▶ **Exercise**: Within the records, which lines hold the string "steht"? Report each one by copying it.

--- Excerpted records Enclosed Below ---

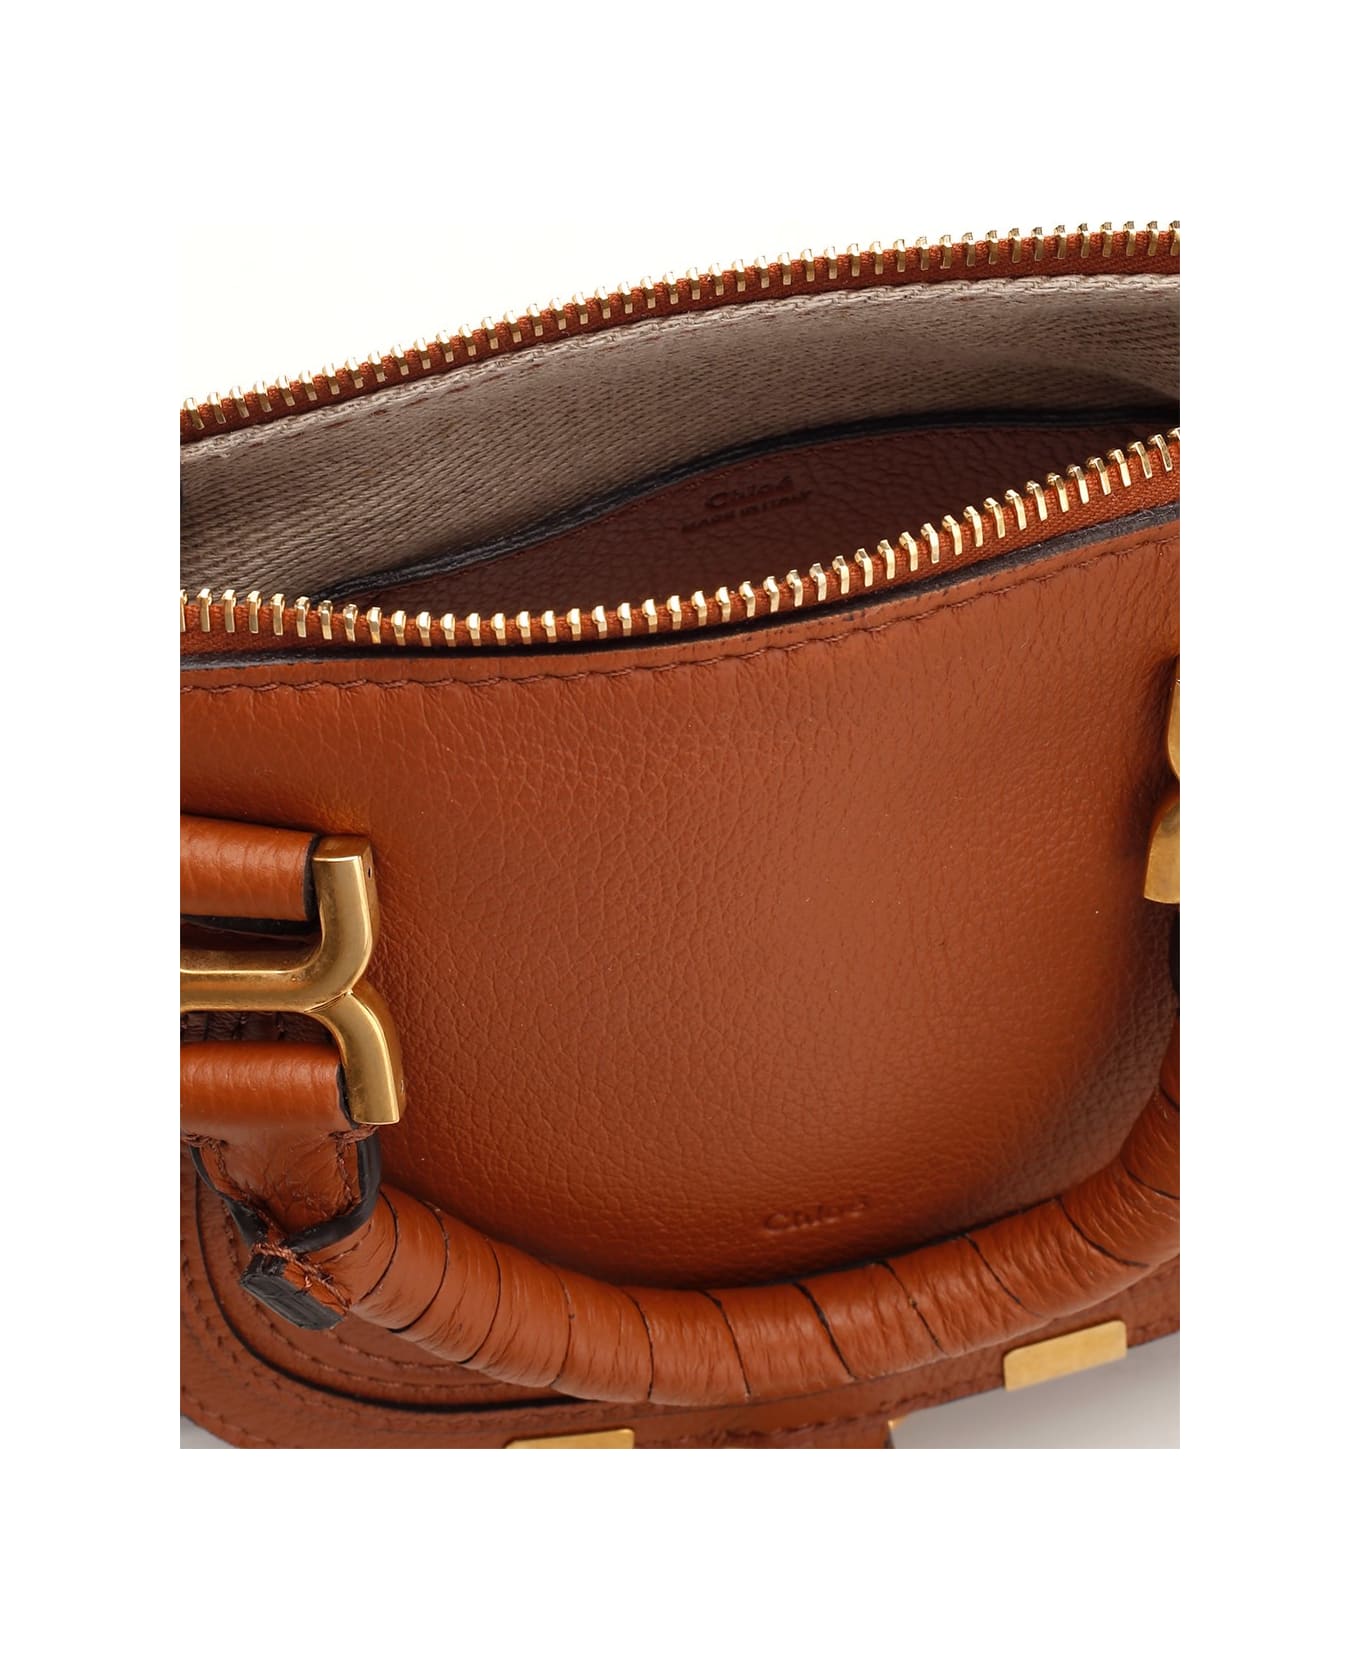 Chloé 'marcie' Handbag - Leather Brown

--- End of Enclosed Excerpted records ---
--- Excerpted records Enclosed Below ---

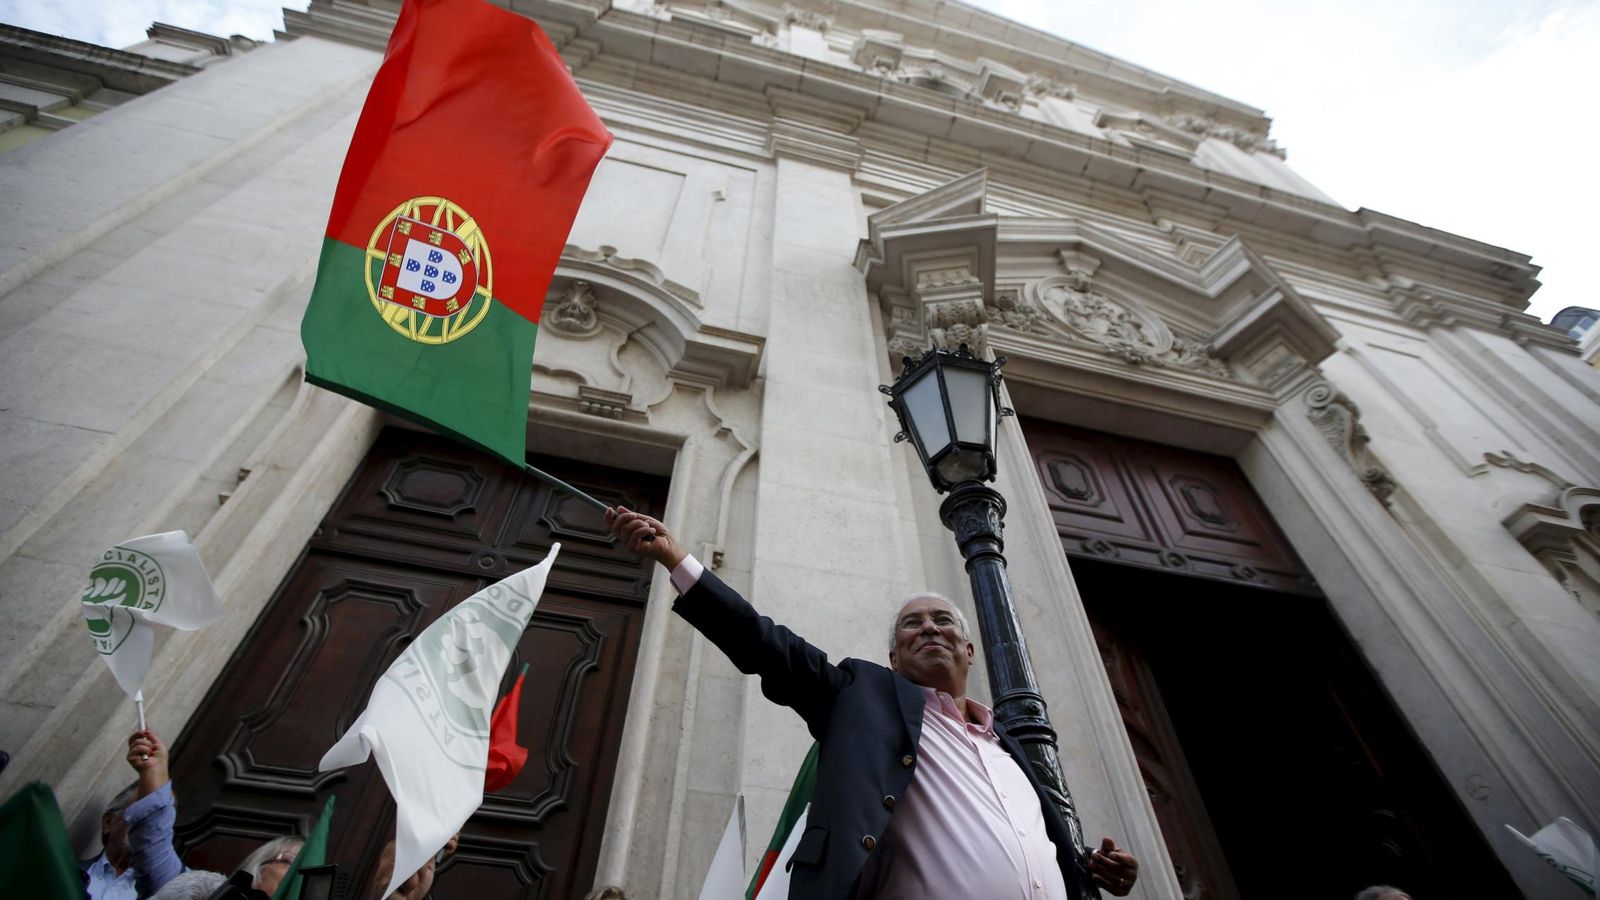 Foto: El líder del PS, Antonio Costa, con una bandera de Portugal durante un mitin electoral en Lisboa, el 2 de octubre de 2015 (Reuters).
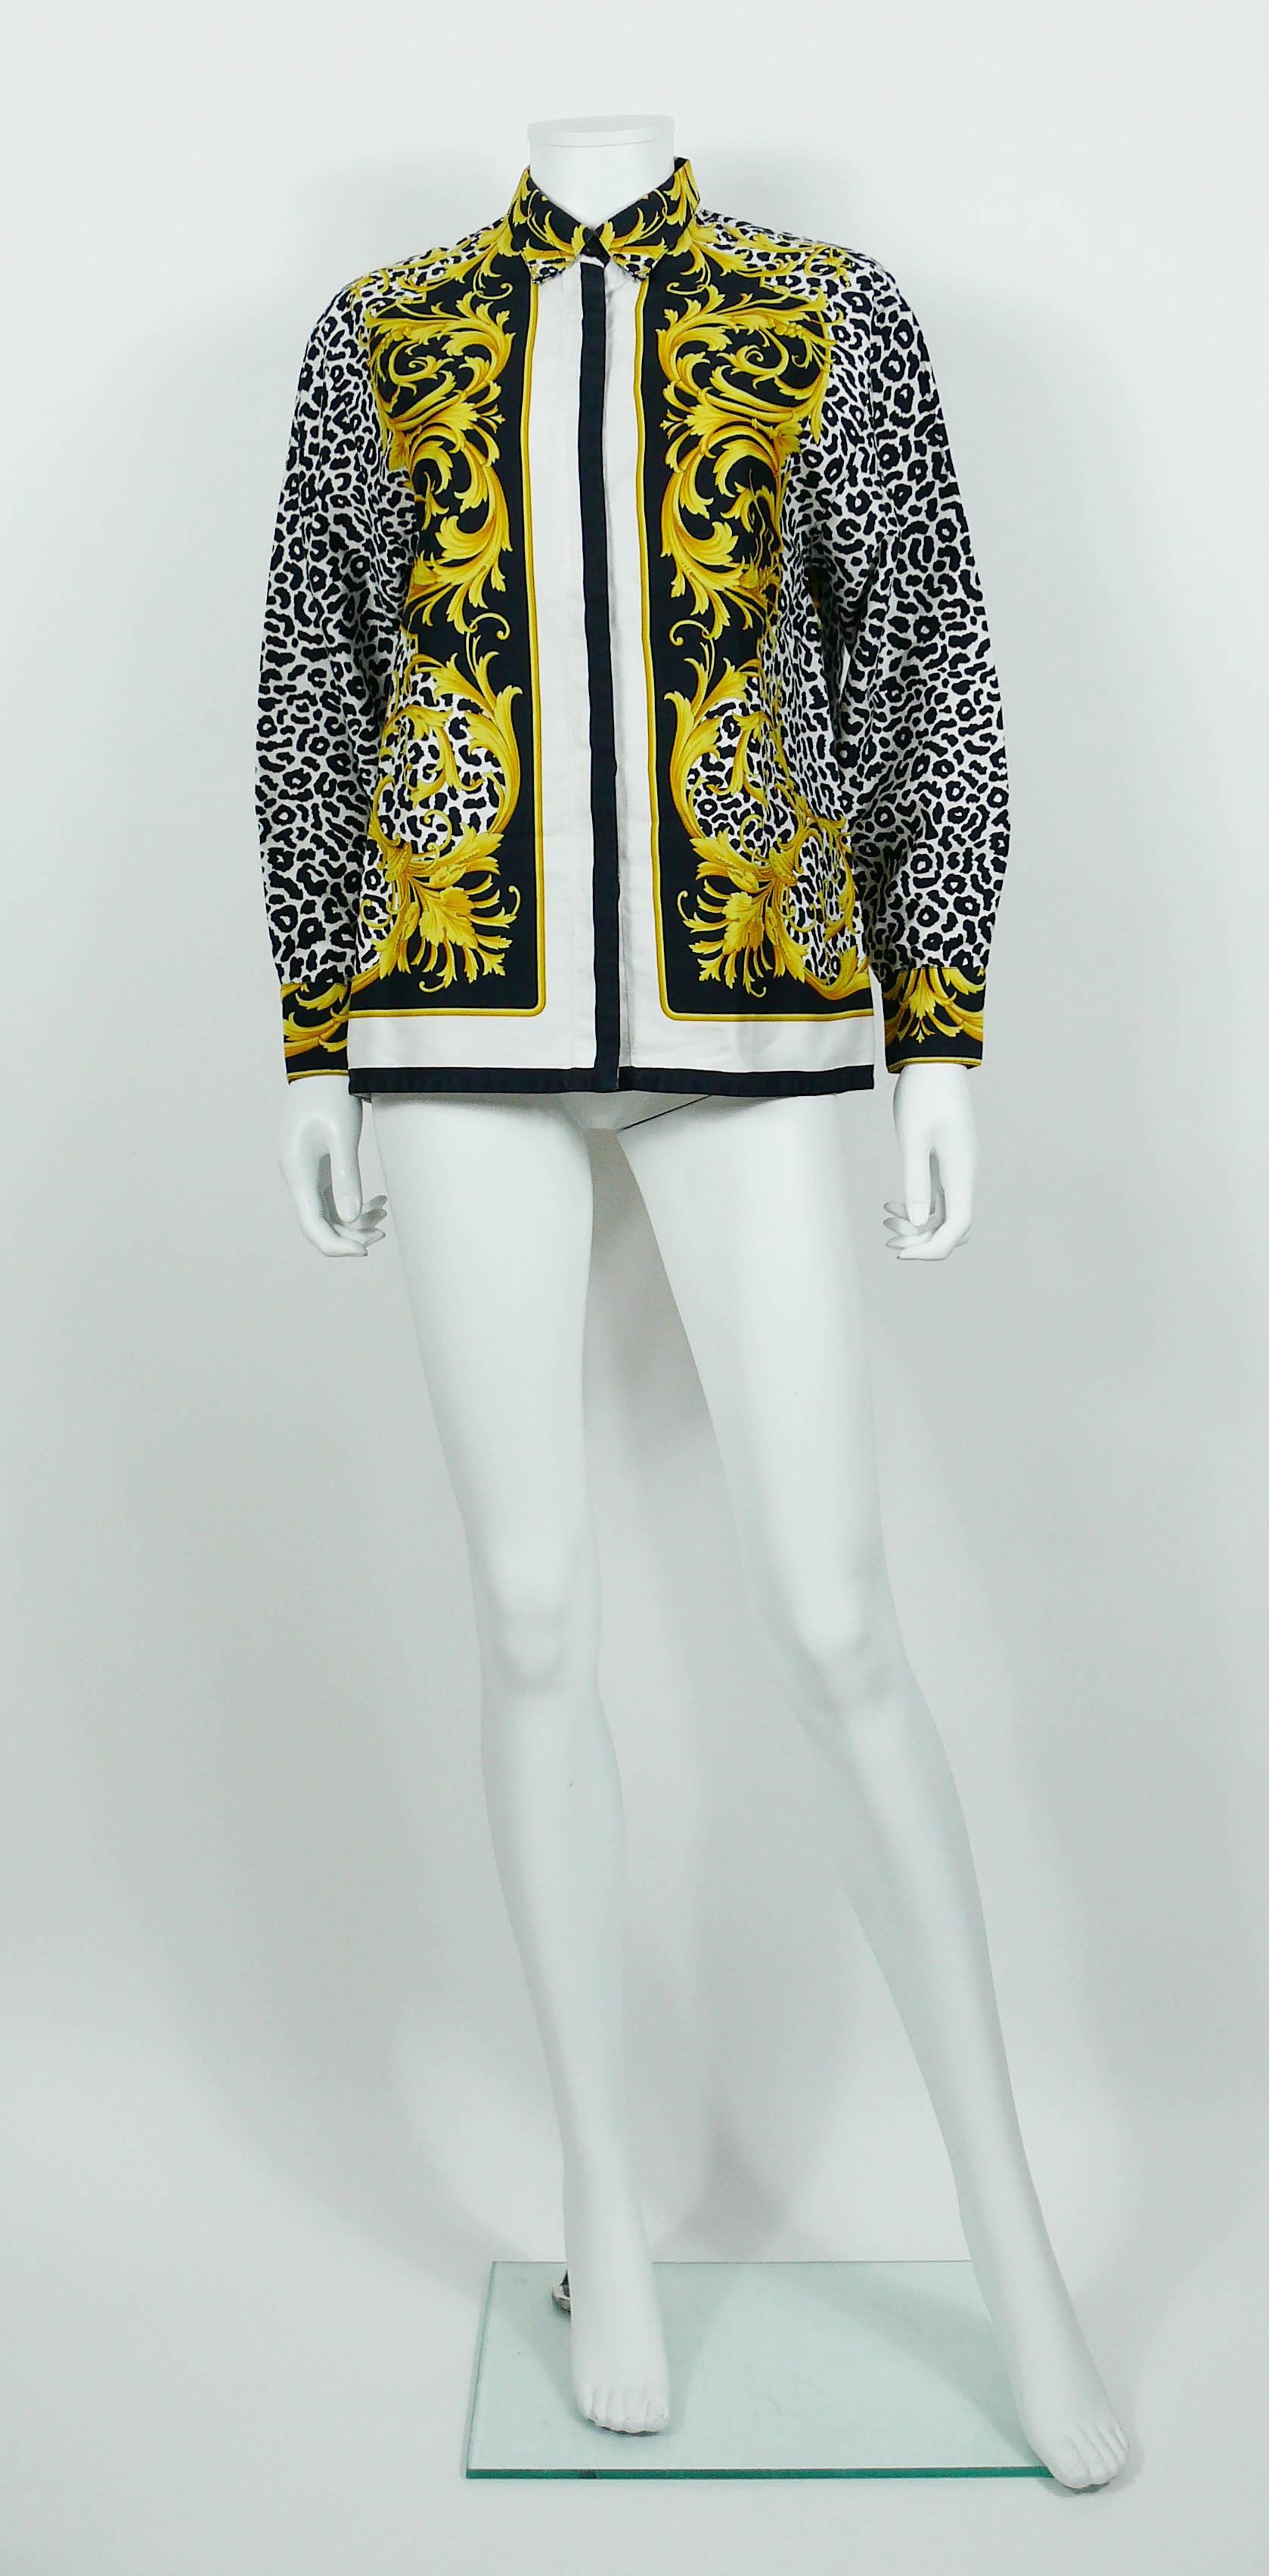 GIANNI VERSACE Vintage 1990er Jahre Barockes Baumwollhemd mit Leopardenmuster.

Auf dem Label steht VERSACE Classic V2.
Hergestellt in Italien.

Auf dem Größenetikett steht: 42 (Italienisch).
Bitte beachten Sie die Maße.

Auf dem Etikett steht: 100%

--- End of Enclosed Excerpted records ---
--- Excerpted records Enclosed Below ---

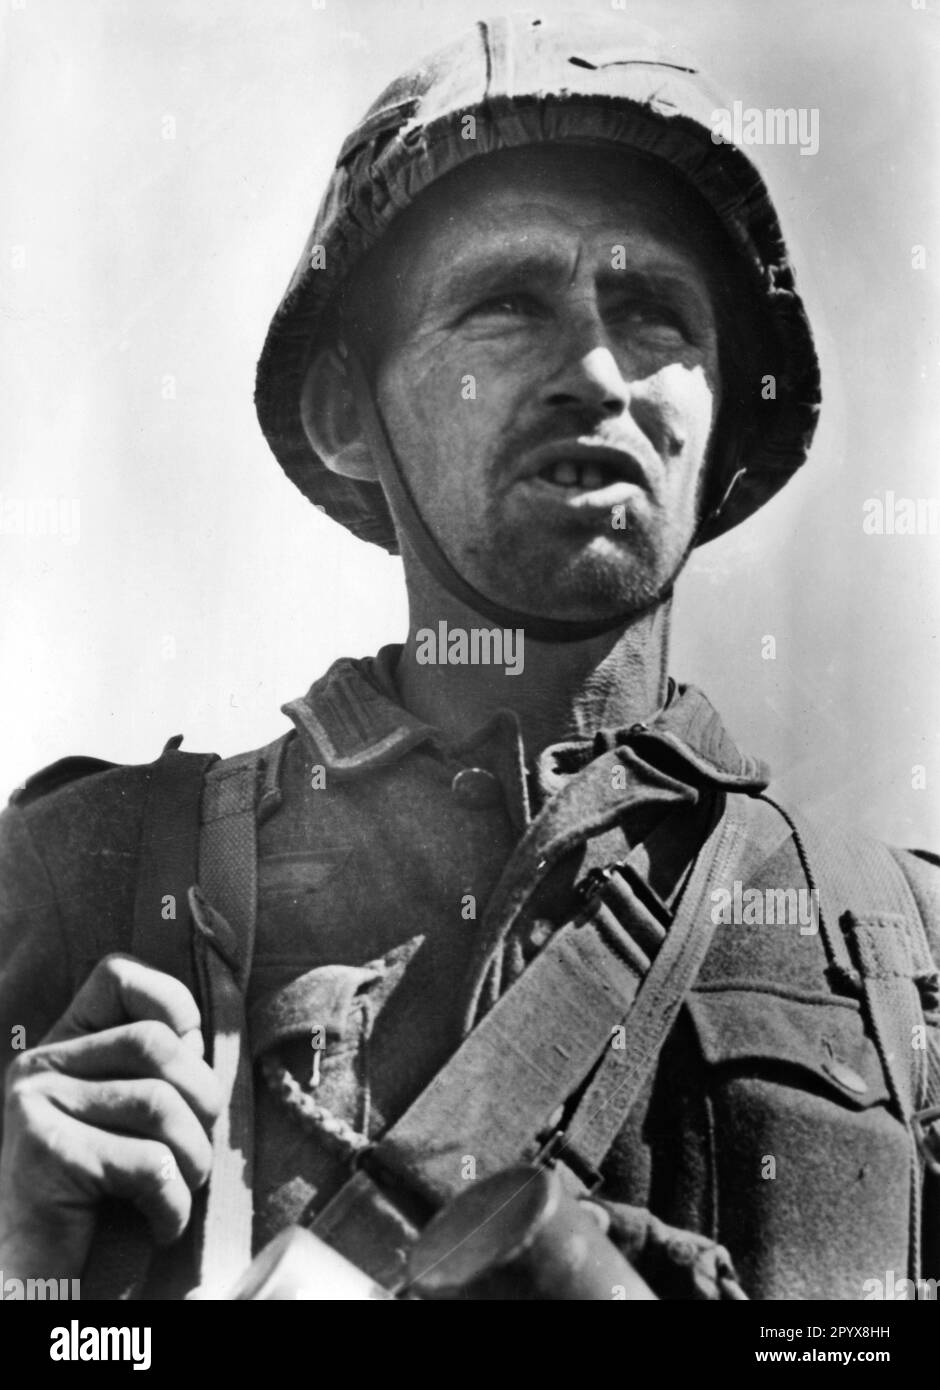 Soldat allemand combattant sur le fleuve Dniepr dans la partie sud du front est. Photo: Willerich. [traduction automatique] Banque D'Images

--- End of Enclosed Excerpted records ---

▶ **Response to this task**:
Auf dem Label steht VERSACE Classic V2.
Auf dem Größenetikett steht: 42 (Italienisch).
Auf dem Etikett steht: 100%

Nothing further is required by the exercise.